* [Available data]
+++++
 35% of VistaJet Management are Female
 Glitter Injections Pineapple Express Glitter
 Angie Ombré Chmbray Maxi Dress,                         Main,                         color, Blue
+++++
* [What to do]
From the line that contains "Glitter Injections Pineapple Express Glitter" down to the last line above, print each line exactly as it appears.

* [Result below]
 Glitter Injections Pineapple Express Glitter
 Angie Ombré Chmbray Maxi Dress,                         Main,                         color, Blue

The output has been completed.